Peggy wakes up later to find Don, looking clean and well-groomed. Completing their role reversal, Don asks her about his ad. This time it's Peggy's turn to be skeptical. "Why are you shitting on this?" Don asks, sounding like Peggy.
"It's good," Peggy says, sounding like Don. "It's very good." Don may be Peggy's boss, but somehow the two are equals. And in some ways, Don has become the weaker of the two, and Peggy is now Don's protector. Remember how she wielded the suitcase like a shield in her TV pitch? "No matter what comes at me, I know I'm protected!" Don looks like he wants to say that as he grabs Peggy's hand and gives her a meaningful look. He's found his new Anna. Instead of pretending that nothing passed between them -- the way he did with Allison, his secretary -- he acknowledges that everything is different now.

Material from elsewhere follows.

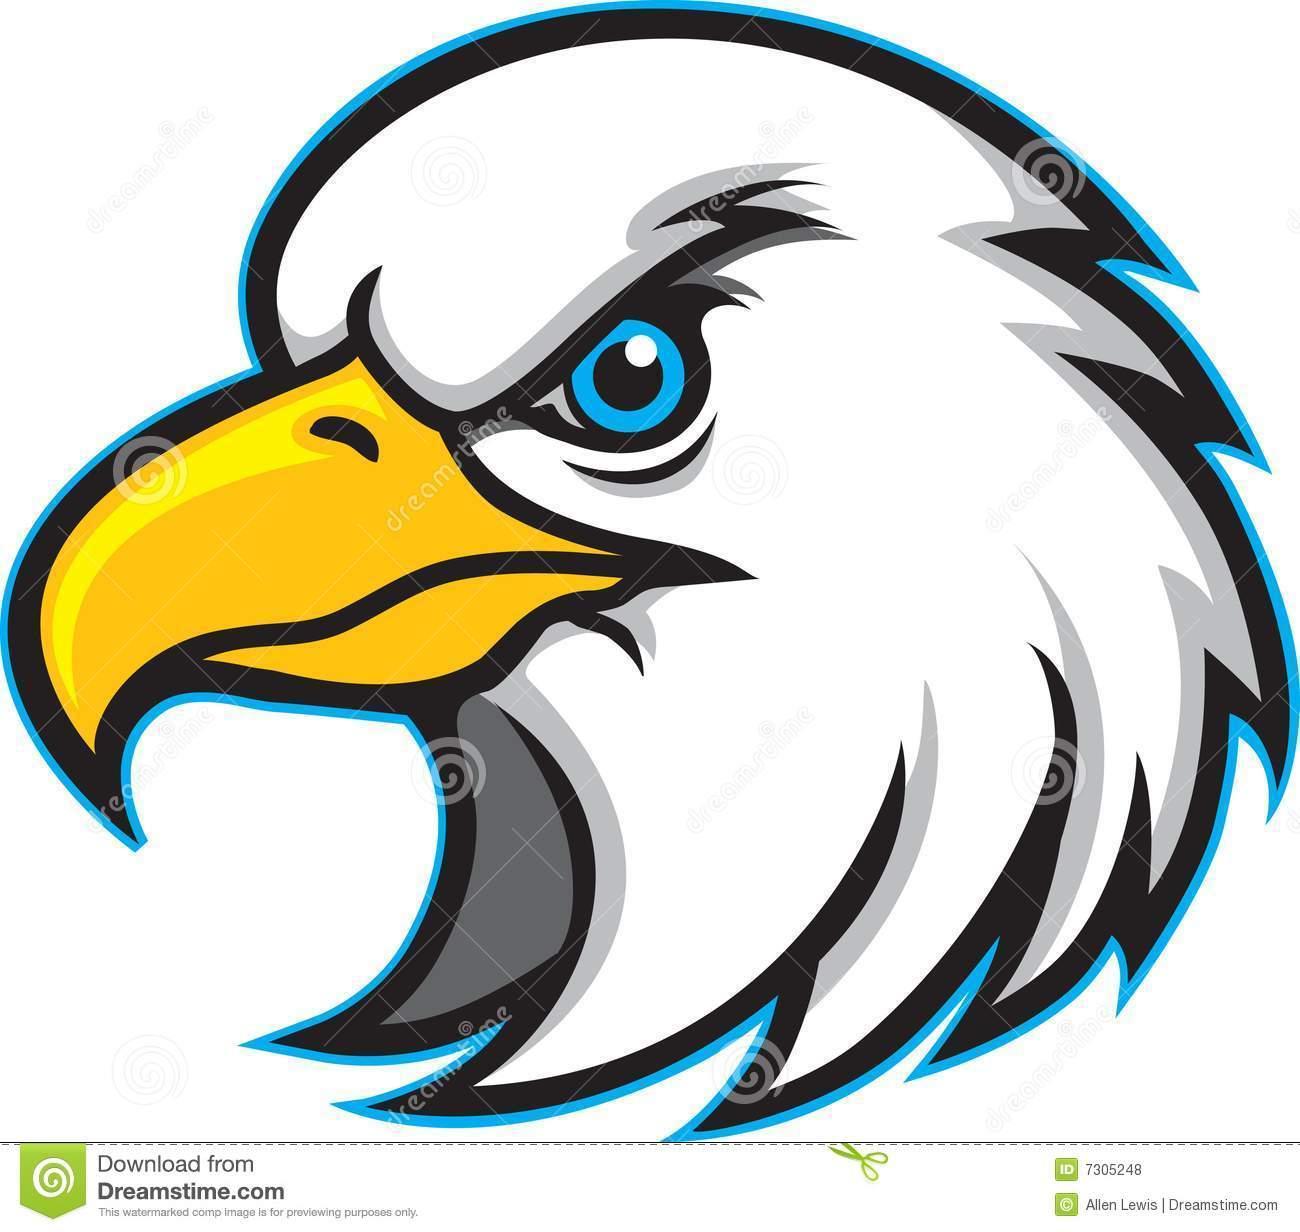 Free hawk mascot clipart 4 » Clipart Portal.

Is this the ultimate work relationship, a pact between a new mother and a needy son, a budding romance, or some strange hybrid of all of the above? As Peggy leaves, she asks, "Open or closed?"
Don says: "Open."
The future for these two is wide open. Whatever happens, Don is feeling optimistic for the first time in months.
But can a healthy bond form between two people who turn their backs on their existing families, who can't tolerate the pressures and moral judgments of real life, who find solace in the strange form of unconditional acceptance they've cobbled together at the office? No matter how desperate we might be, as viewers, to see Don and Peggy tell each other the truth, to have a relationship of (almost) equals, to share details about themselves at last, becoming the new Anna has a somewhat dubious value to Peggy, considering that Don couldn't even bring himself to speak to Anna before she died. And what do we make of these allusions to Samson, the seemingly invincible warrior, brought down by Delilah's trickery? If their relationship is a mirage that lacks the intimacy and the stakes of a real-life bond, will Peggy be Don's eventual undoing?
Some hint of the future lies in Simon & Garfunkel's "Bleecker Street," which plays as the credits roll: "Smiling faces try to understand/ I saw a shadow touch a shadow's hand."